Guided configuration and setup eliminates many errors by providing a step-by-step process where success in the current step is required to go to the next step. This step-by-step process should do two things. The first is to make sure the proper steps are done in the proper order, and that no steps are accidentally skipped.

The second is that steps that require human action or decision-making are guided in order to minimize human error. Guiding information should include a clear description of what the step does, and ranges or types of entries that are appropriate.

The following pictorial example will show how human centered design addresses different human error types. A zero trim on a Rosemount 3051S pressure transmitter with Foundation fieldbus protocol will show the points.

All calibration options as well as information used during calibration are on this single screen. A zero trim will be performed to show how HCD is used and how it eliminates human error.


Steps that should be done prior to starting the task are shown. Here the user is reminded to take the loop out of automatic control so a potential process upset is eliminated.


The user is given information verifying the task to be done and the effect of the task. The user can terminate an incorrect task before the device is changed.

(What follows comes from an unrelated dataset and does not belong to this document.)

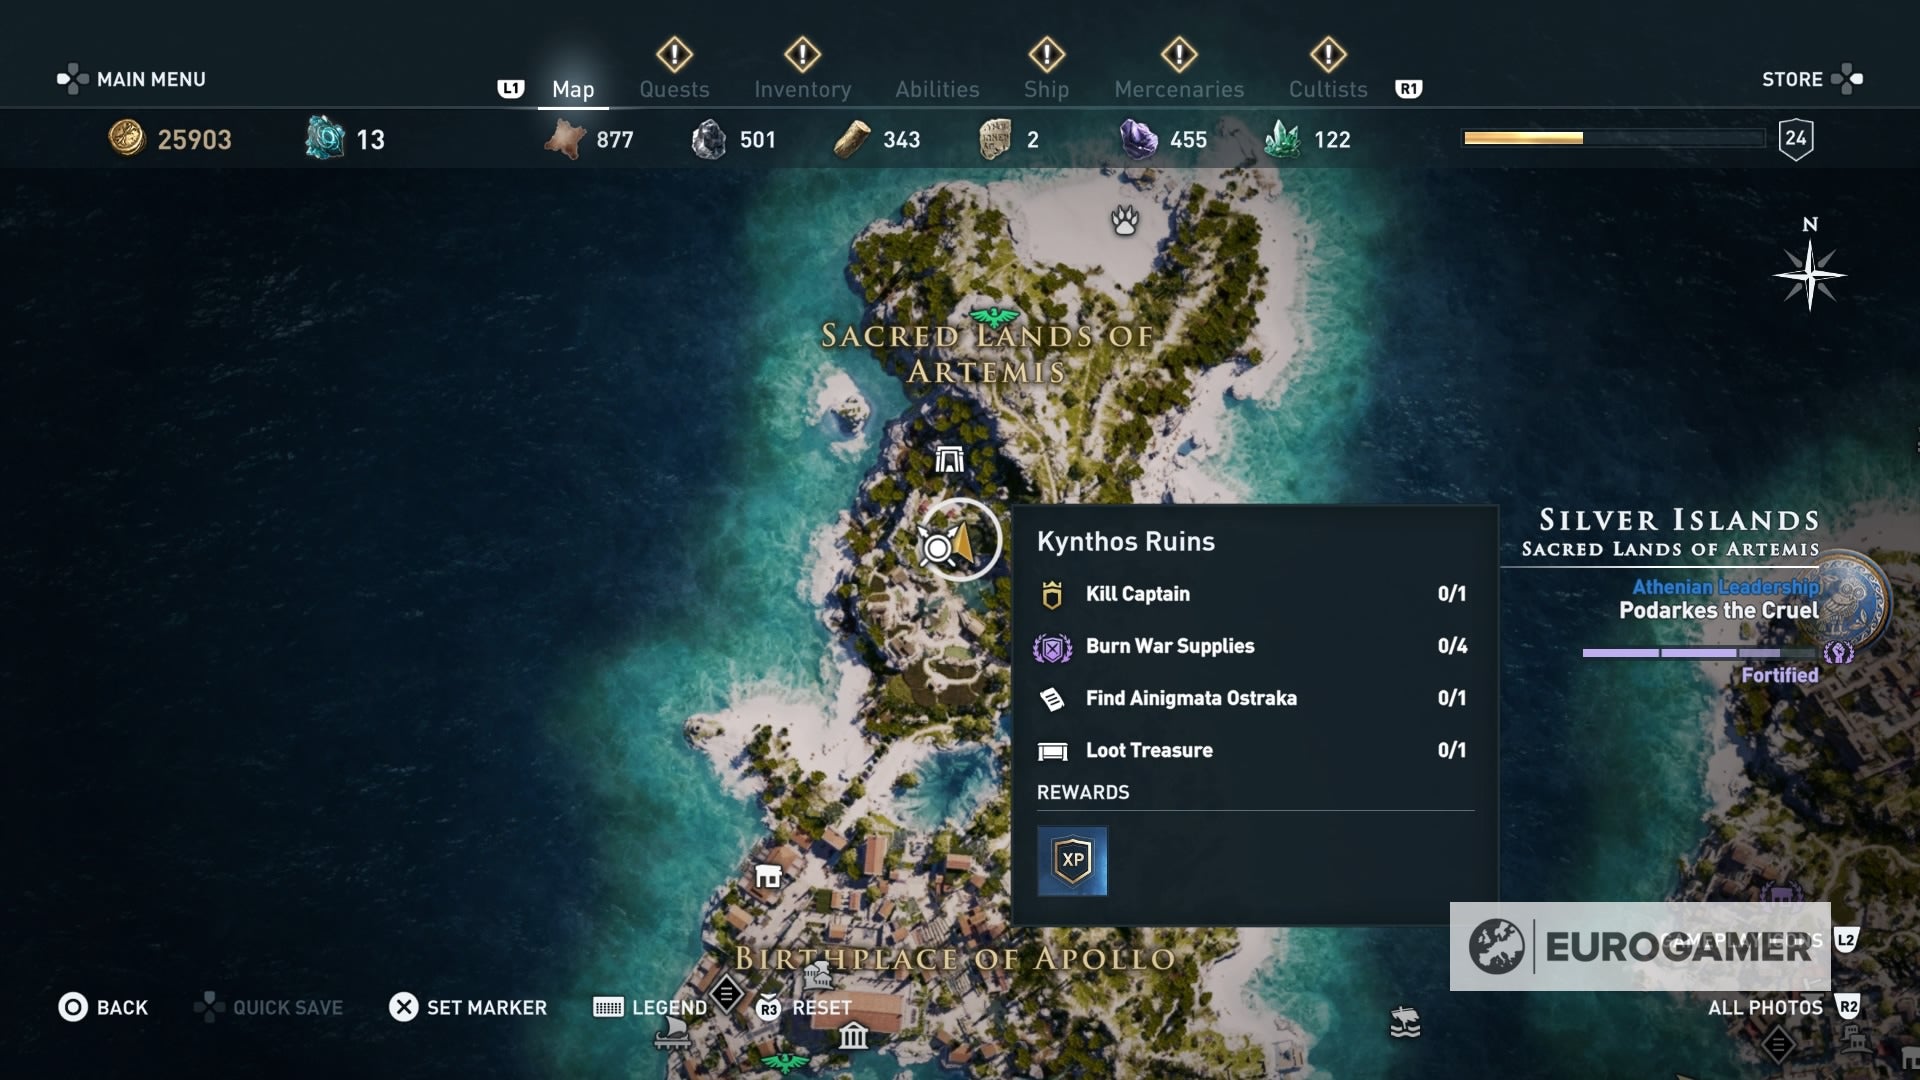 Assassin's Creed Odyssey - Needle in a Haystack, Grave Discovery riddle solutions and where to the Sunken Wreck Datis, Kynthos Ruins tablets |

Foundation fieldbus has blocks with modes. One of the most common FF errors is placing unnecessary blocks out of service, or leaving blocks out of service. By automatically managing modes these errors are eliminated.


The sensor can be calibrated in a number of ways. A dropdown menu containing all the appropriate choices for the specific transmitter type helps prevent the wrong option from being selected.


The user is advised to perform external steps at the specific point in the task where the step is needed. This eliminates errors caused by steps being omitted or performed at the wrong time.


If a step is not done correctly the error could prevent a good outcome. Here the user didn’t properly zero the transmitter so the pressure is too high for a zero trim. The error condition is automatically detected, the step is aborted, and the user informed.


In steps not shown the error is corrected, the task continued and completed from the point where is previously failed. All blocks are returned to auto mode automatically. By eliminating the need to repeat steps time is saved and potential errors eliminated.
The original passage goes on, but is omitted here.